## Goal of the exercise
From the line containing "Très belle chaise" to the line containing "La chaise est réglable" in the entries below, reproduce every line exactly, ends included. Nothing else belongs in the copy, and no pictures.

## Data to process
————————

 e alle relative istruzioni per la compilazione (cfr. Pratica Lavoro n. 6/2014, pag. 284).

————————

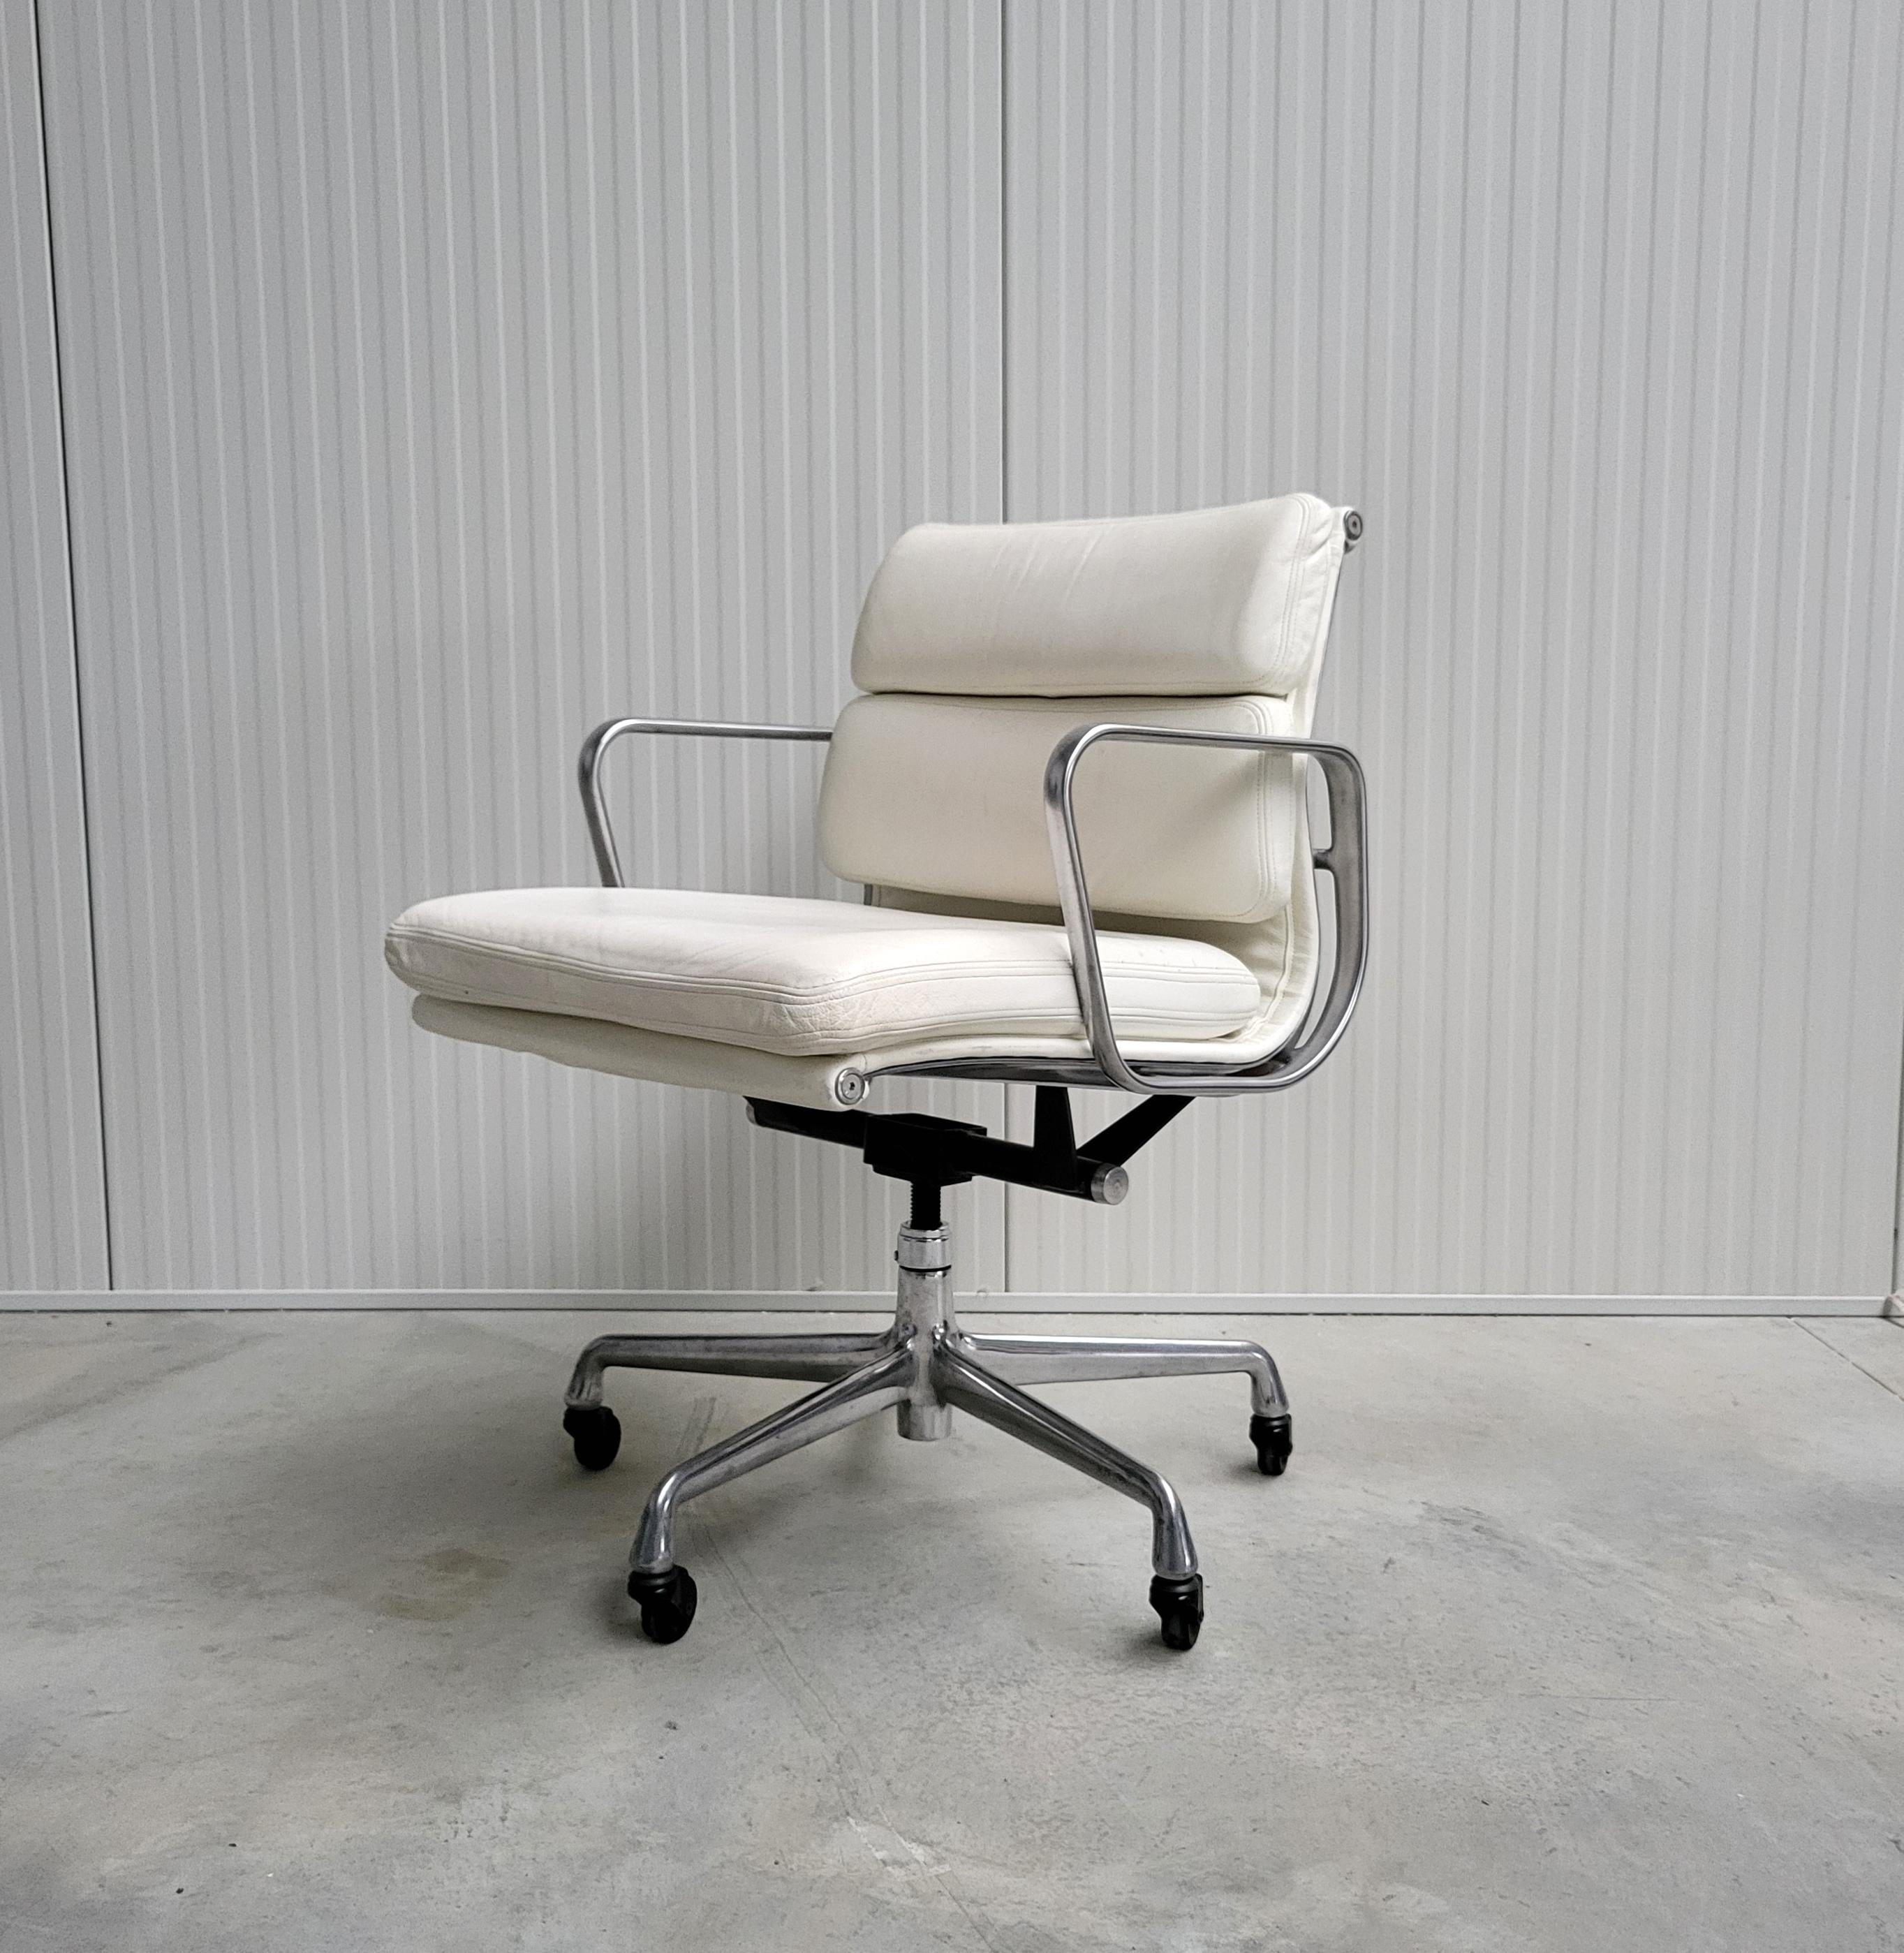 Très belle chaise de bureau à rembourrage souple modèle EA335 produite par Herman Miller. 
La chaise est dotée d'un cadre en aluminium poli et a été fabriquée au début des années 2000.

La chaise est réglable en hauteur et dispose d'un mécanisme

————————

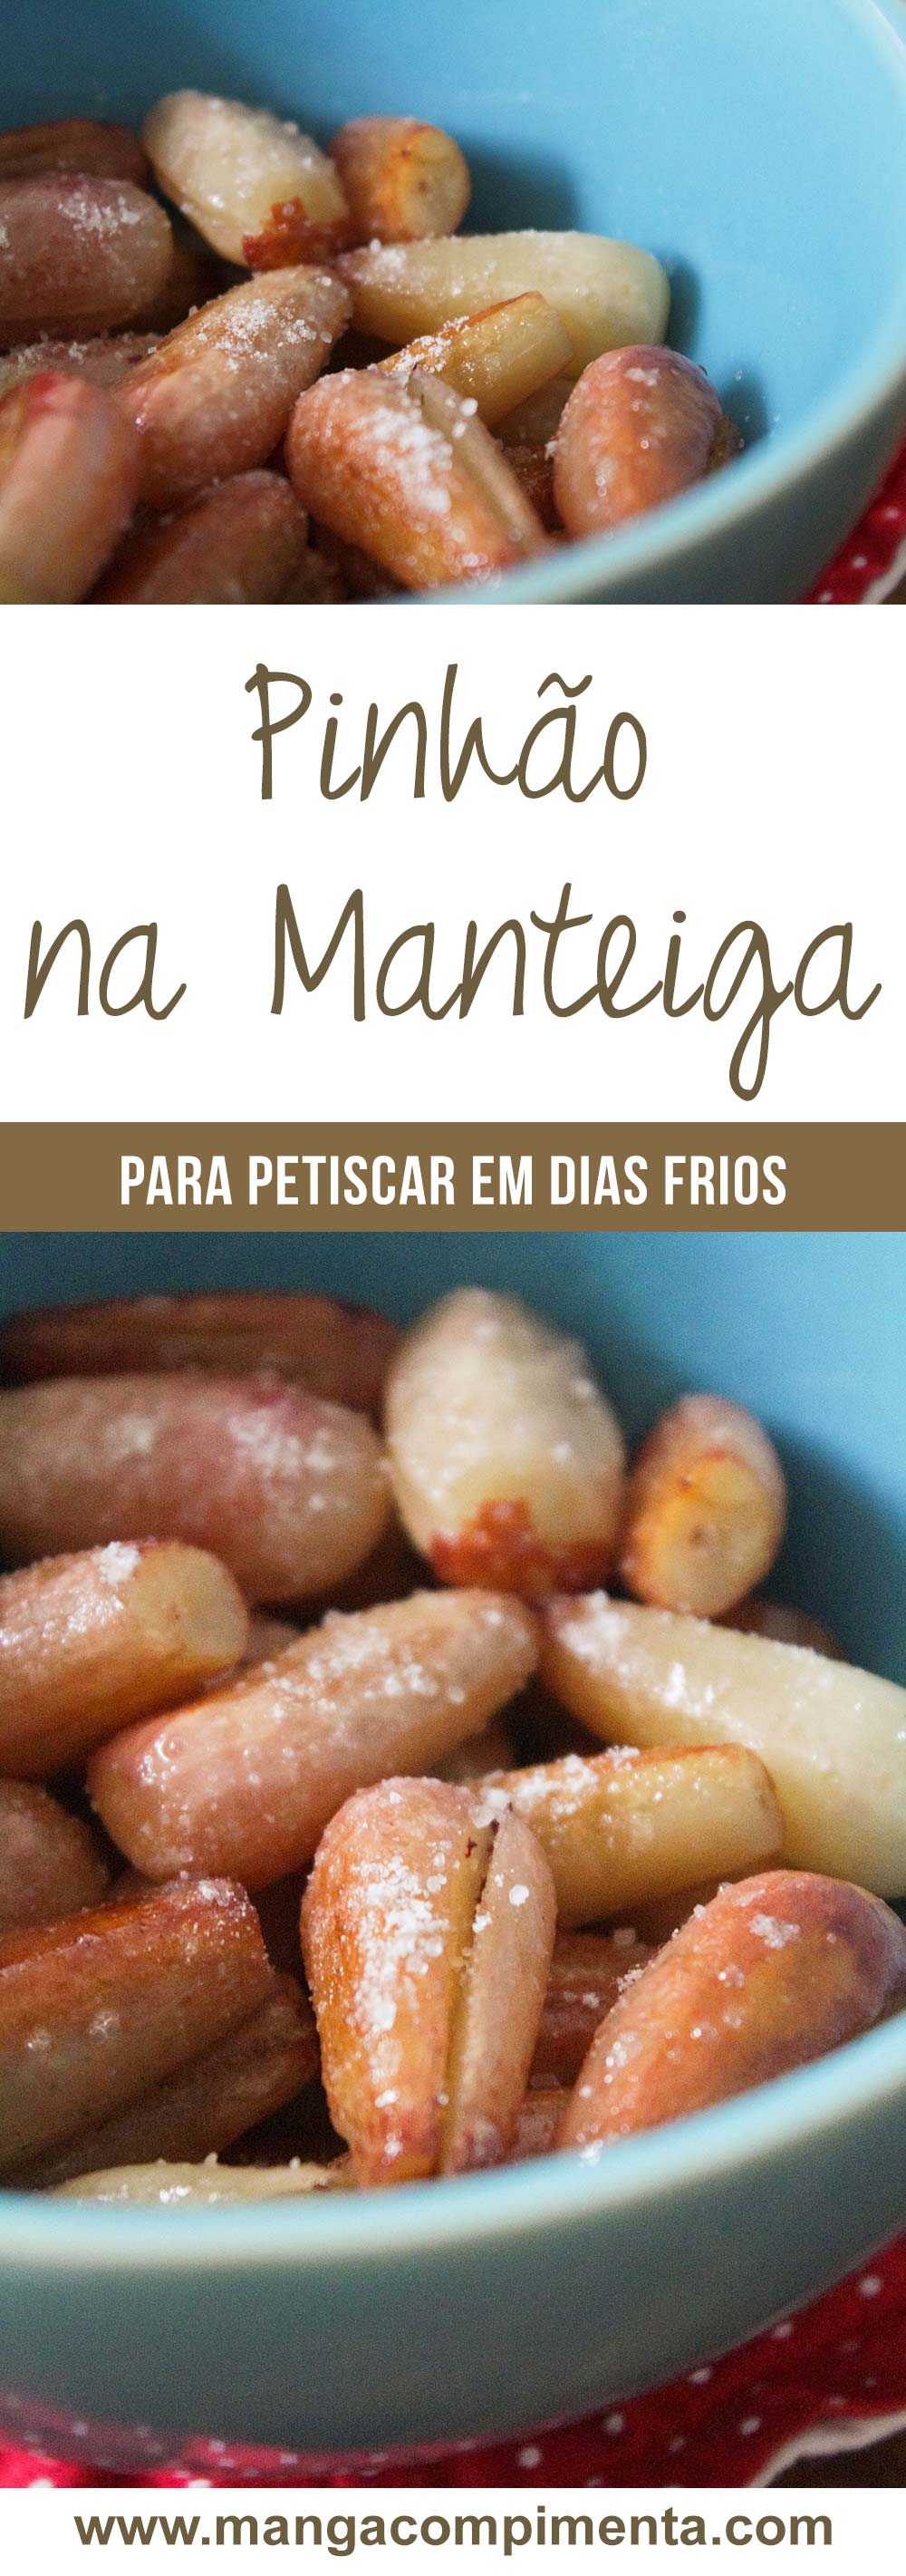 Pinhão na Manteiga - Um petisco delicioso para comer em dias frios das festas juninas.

————————

## Final answer
 Très belle chaise de bureau à rembourrage souple modèle EA335 produite par Herman Miller. 
La chaise est dotée d'un cadre en aluminium poli et a été fabriquée au début des années 2000.

La chaise est réglable en hauteur et dispose d'un mécanisme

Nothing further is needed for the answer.